▶ [EXERCISE GOAL]: Could you write out the listing below exactly as it stands, leaving out the pictures?

▶ [DATA BLOCK]:
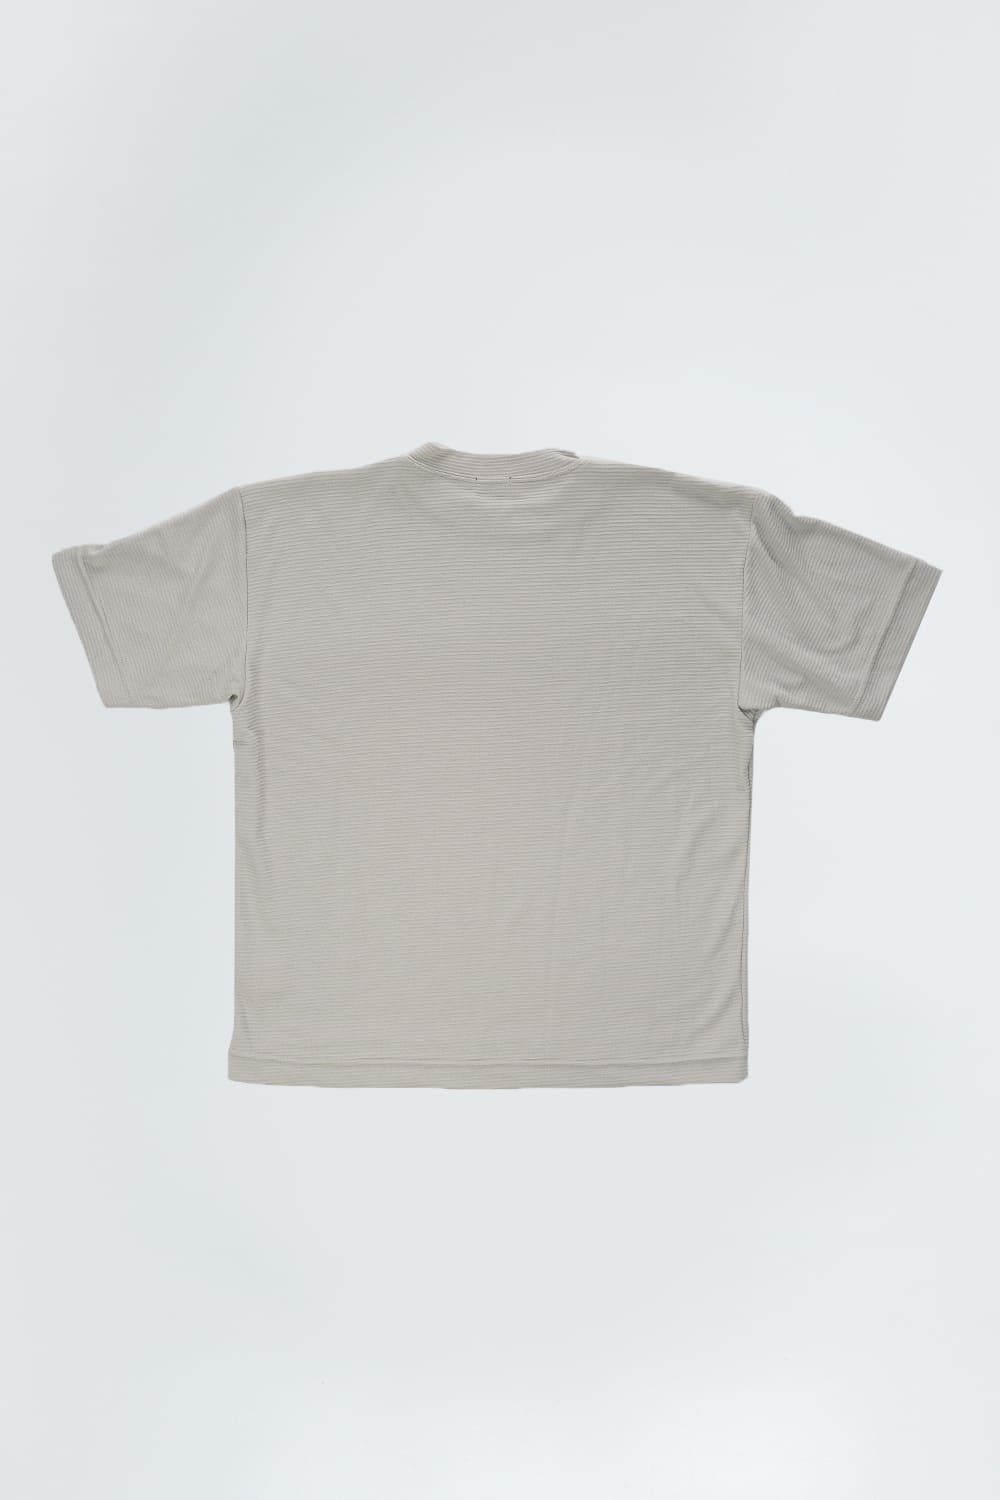 Basics Texture t-shirt  - 8306 SAND
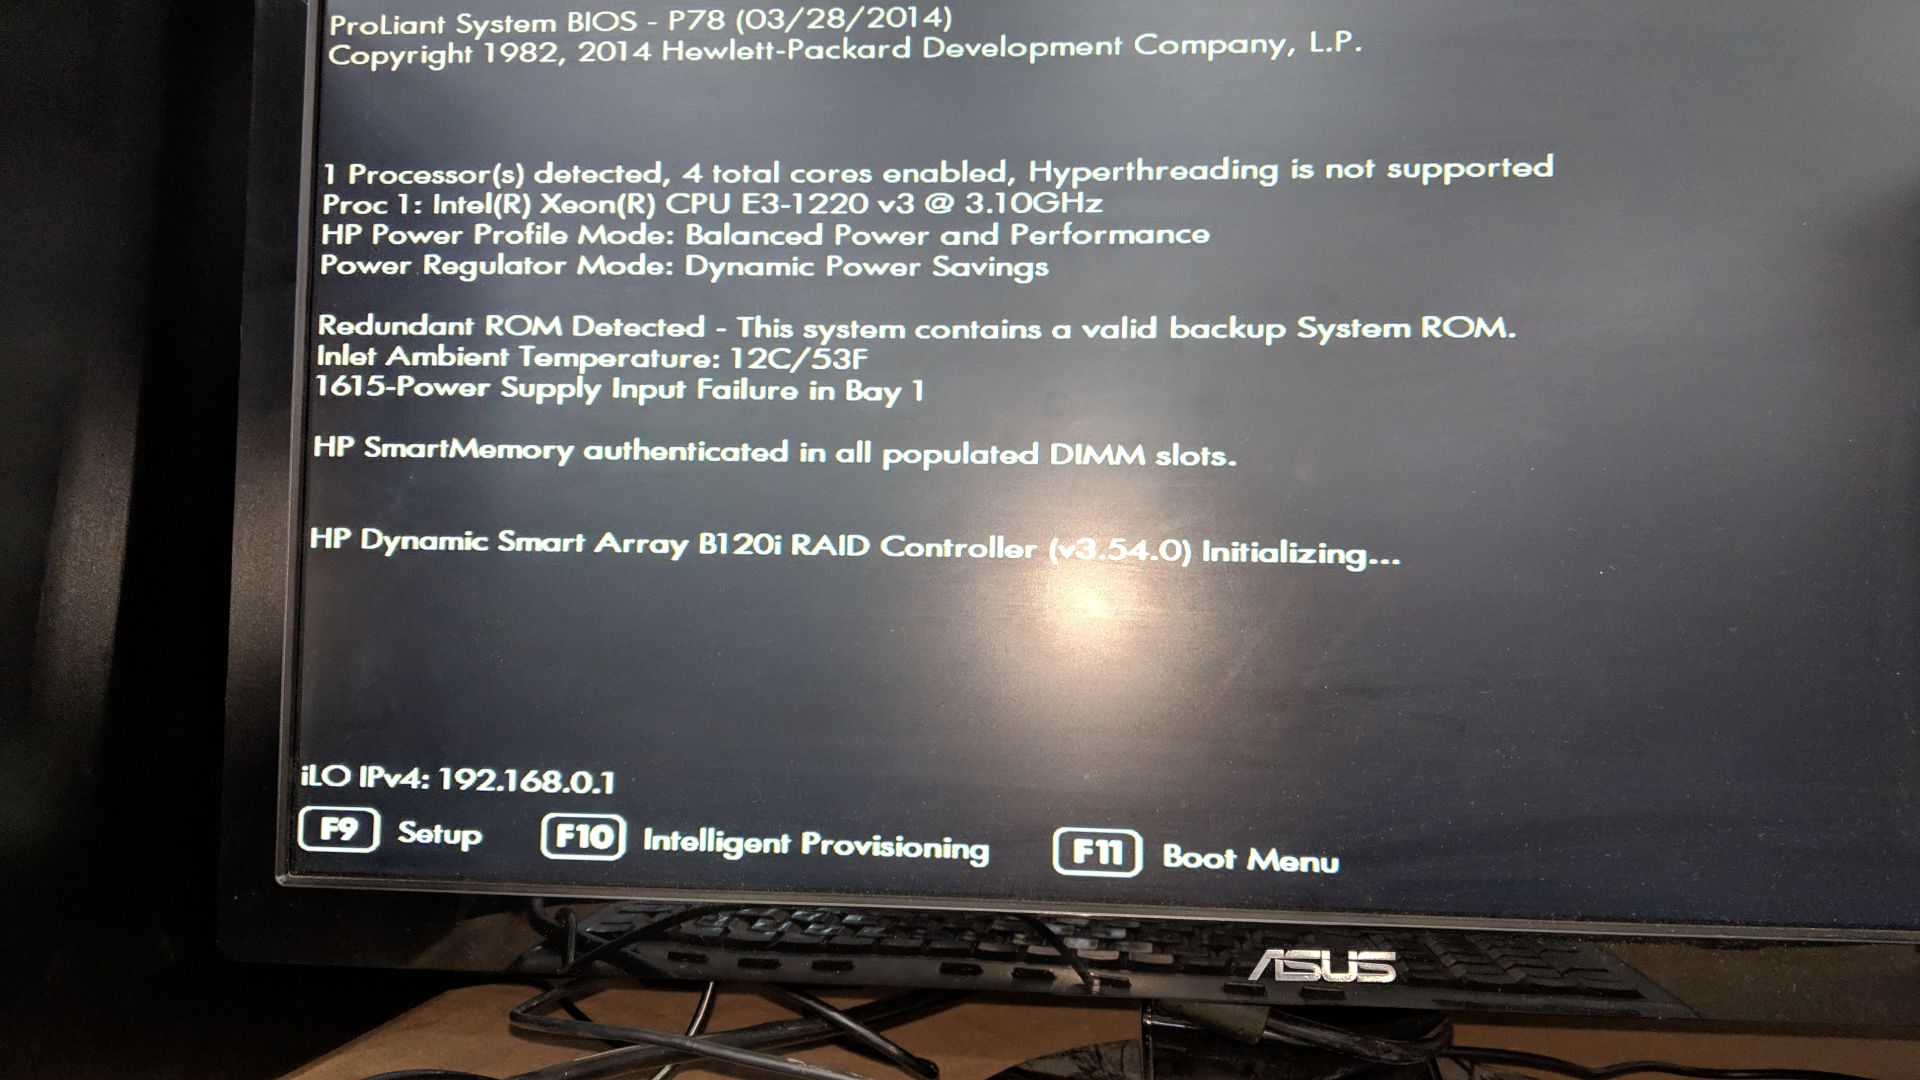 HP Proliant ML 310E Gen8 V2 wit Intel Xeon E3-1220 v3 @ 3.1 GHz, 8GB Ram, 27" Monitor, NB No HDD's - Image 8 of 8
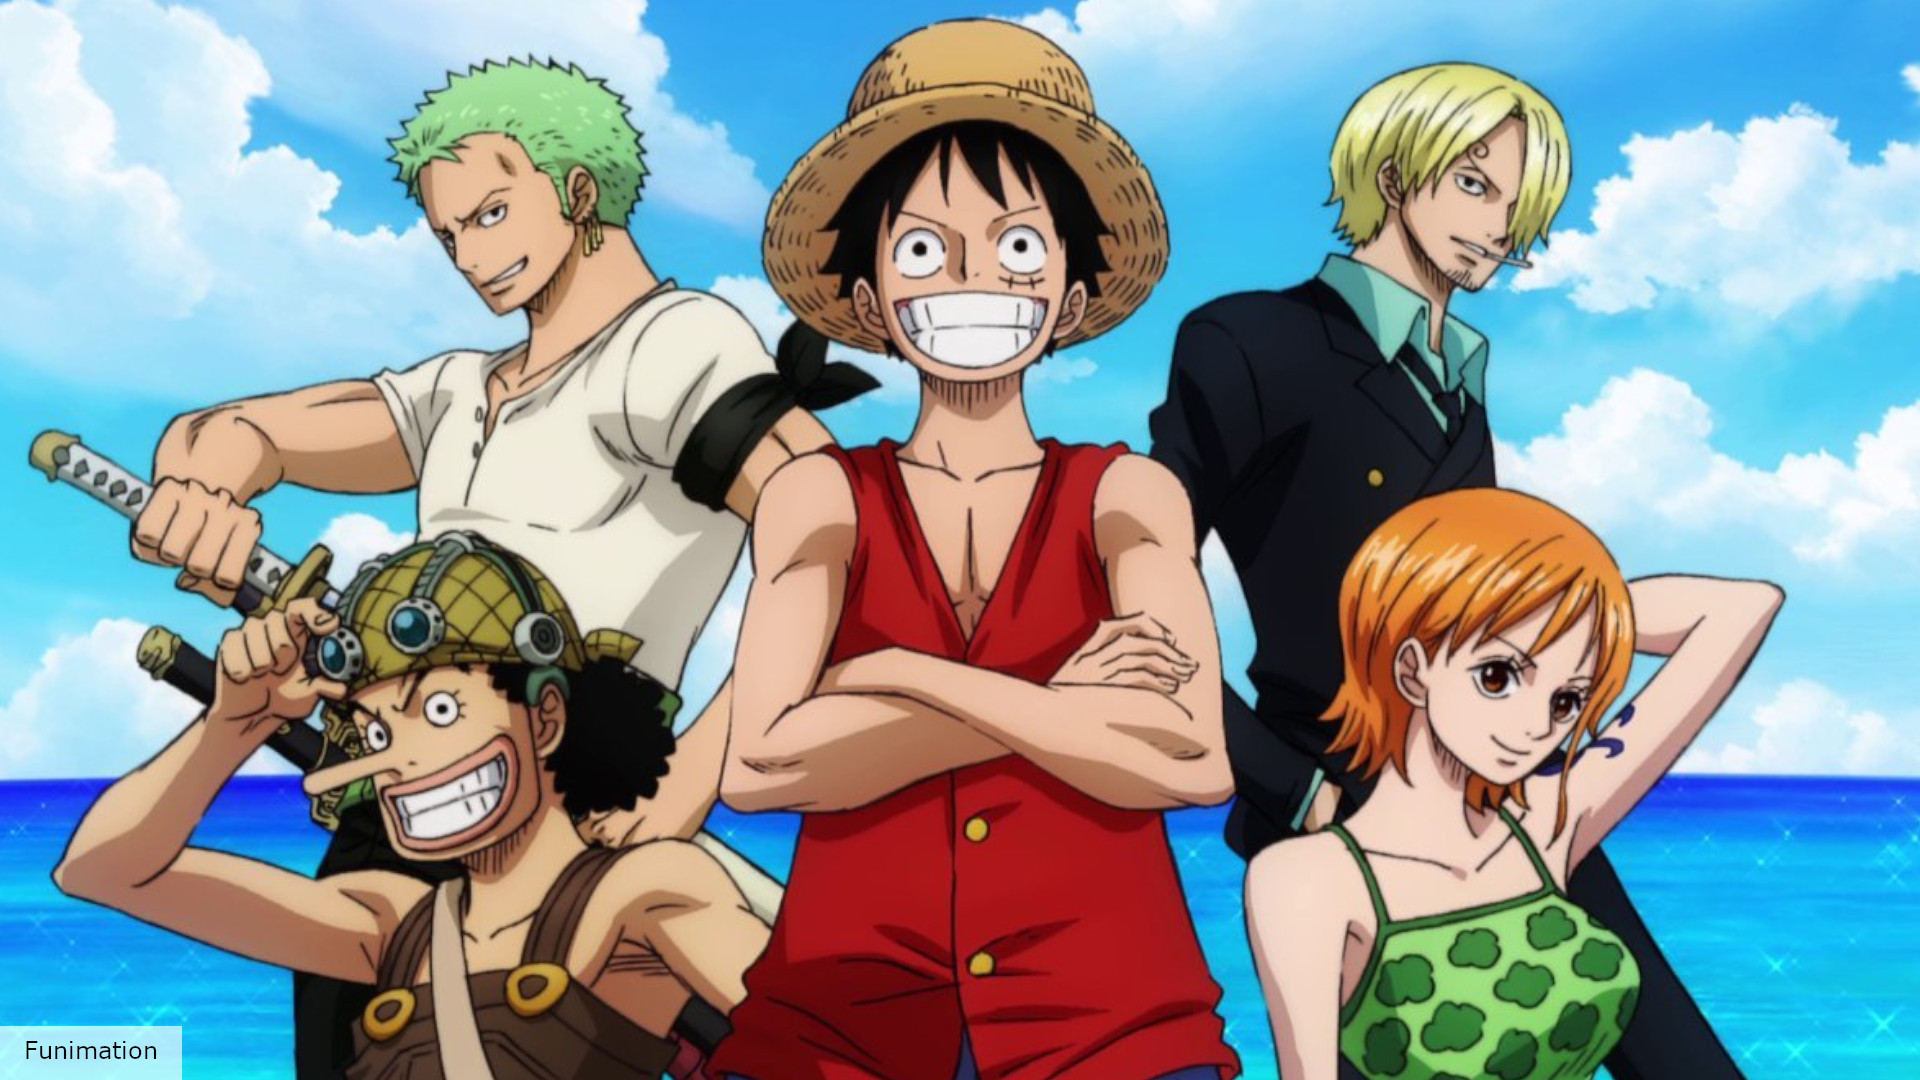 Netflixs One Piece LiveAction Adaptation Adds Six More Cast Members

▶ [YOUR RESPONSE]:
 Basics Texture t-shirt  - 8306 SAND
 HP Proliant ML 310E Gen8 V2 wit Intel Xeon E3-1220 v3 @ 3.1 GHz, 8GB Ram, 27" Monitor, NB No HDD's - Image 8 of 8
 Netflixs One Piece LiveAction Adaptation Adds Six More Cast Members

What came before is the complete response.